Jakub Silfverberg is a success story in defensive deployment with a  killer shot whose only weakness is that he has a bad penalty differential. What’s also interesting is that at age 27 his defensive contribution actually declined year over year, and I personally trace that back to the slashing crackdown. The Cogliano-Silfverberg-Kesler line was one of the most hand-slash-happy units in the NHL for years, and they’ll pay in both effectiveness and infractions for the crackdown that’s come to the once-ubiquitous tactic that was especially prominent in teams coached by Bruce Boudreau past or present.
Below those two we have two players highly likely to provide value beyond their salaries, to buoy Perry’s impact in that area. Ondrej Kase delivered a balanced season last year, being one of the most efficient scorers in his minutes while also providing fantastic defensive value even against rather sheltered minutes. Everything about him is a bargain – he’s a former 7th rounder on a 2.6mm AAV contract that has that elusive third year on a bridge.

The second potential value contract is Troy Terry’s, a former 5th round pick that formed one of the best lines in college hockey despite him and his goalscoring partner – Henrik Borgstrom, age 20 – being much younger than typical feature lines in that league. Who you play with is very important in any league, so you can be wary of his NHLE, but anecdotally I seem to see only the third member of a forward line having inflated value, unless the first is generational or close. The verbal out of Anaheim says he’ll at least get some NHL time, and it’s been since he participated in the USA Olympic squad that it’s been implied he’ll have every chance to make the Ducks.
Overall, I’d say Anaheim’s flirting with disaster at centre, has a just as top-heavy but significantly less risky left side, and a well balanced and deep right wing.

Top six rating - 456.45
Soft parade potential – +8.17 OGAR
NAR candidates – three, one on the third line and two on the fourth.
...

Arizona Coyotes



Arizona’s had a top end problem for years. They didn’t hit well in the first round at all at forward, and didn’t win any lotteries. Despite having a defenseman like Ekmann-Larsson to ease the burden of playing at the top of the forward line-up, no one really hit that lowered threshold of ability until Stepan-Keller. Stepan had thoroughly better metrics in New York, and now that the pairings are more set behind him, I think a lot of the possession value will turn as well as Keller’s second year improving his offense.
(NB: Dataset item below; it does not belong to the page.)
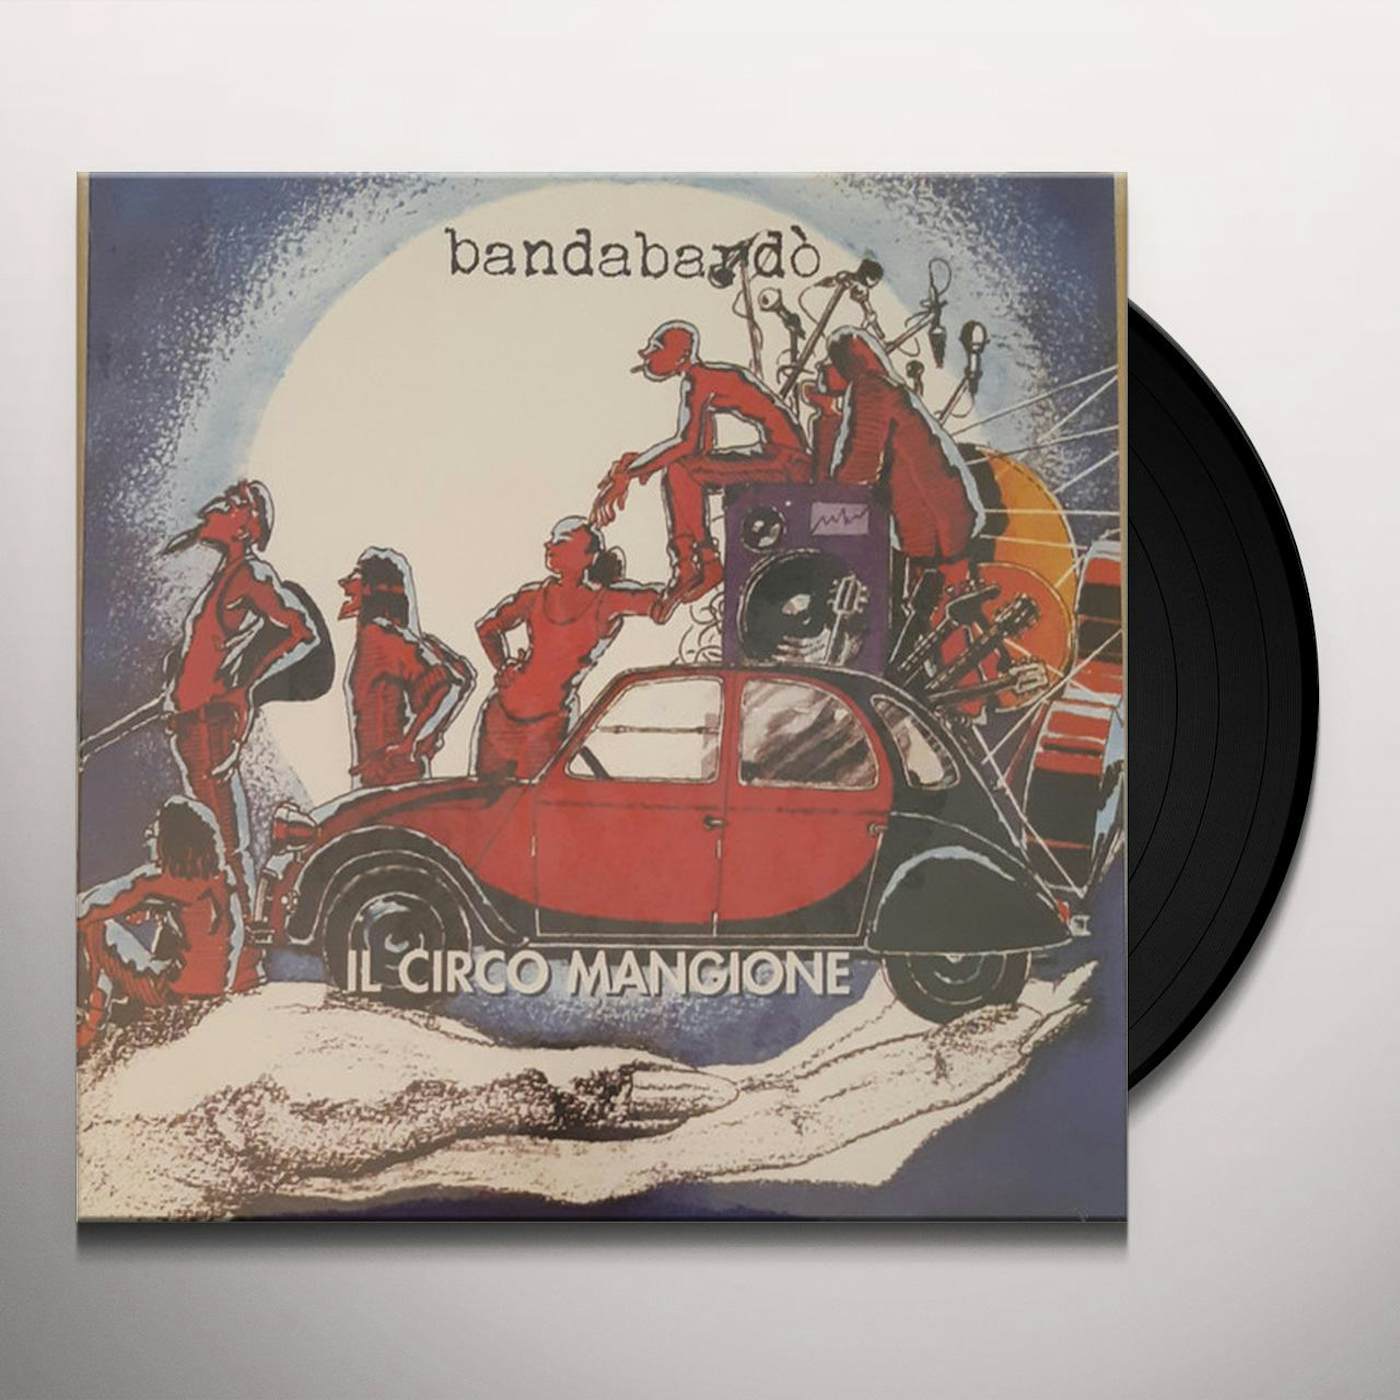 Bandabardò Il Circo Mangione Vinyl Record

There’s more centres on this team than those listed, but consulting the talk about the team it appears this is how they’ll run on default - there's a number of battles but I'm betting on draft clout and skill to force guys up the lineup. Whether I'm right or wrong on who plays where, we still have a good read on the amount of impact players available by potential or pedigree.


At Centre



 
What we’ve got here is a low-end 1C, followed by a powder-keg in Galchenyuk who could blow up with minutes at his natural position and decent wingers like the efficiently productive Hinostroza. Or, he could prove why he was so sheltered in Montreal and get eaten alive by other team’s skilled lines. You can see which metric bets for and which bets against.
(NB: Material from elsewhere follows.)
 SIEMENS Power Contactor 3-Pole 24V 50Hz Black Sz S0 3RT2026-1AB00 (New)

Dvorak got a somewhat strange long-term contract this summer, core-identifying and rich in term and average annual value. He’s certainly not the worst 3C in the division, but he looks to be about Ryan Strome-level  and he’ll need both of his wingers to help him score 5v5.

Speaking of not scoring 5v5, Brad Richardson’s sole value is in his average defensive contribution pulling horrific scoring rates out of the negative and a slightly positive penalty differential compounding into meagre value, rating him as one of the better 4C’s in the division against some other team’s possibly negative contributors.

At Left Wing





Arizona’s LW is the opposite of Edmonton’s. They’ve got a sure bet at the top end, and then two intriguing youngsters at the bottom 6 instead of the top six. Which is good, because Perlini’s a heartbreaker of a #12 overall, one of the ones I mentioned earlier in this Arizona feature. His only redeeming ability appears to be finding the back of the net, but he doesn’t do so often enough to outweigh the bad defensively. This is said, unfairly, about a great many skilled forwards, in his case it’s much more accurate than most.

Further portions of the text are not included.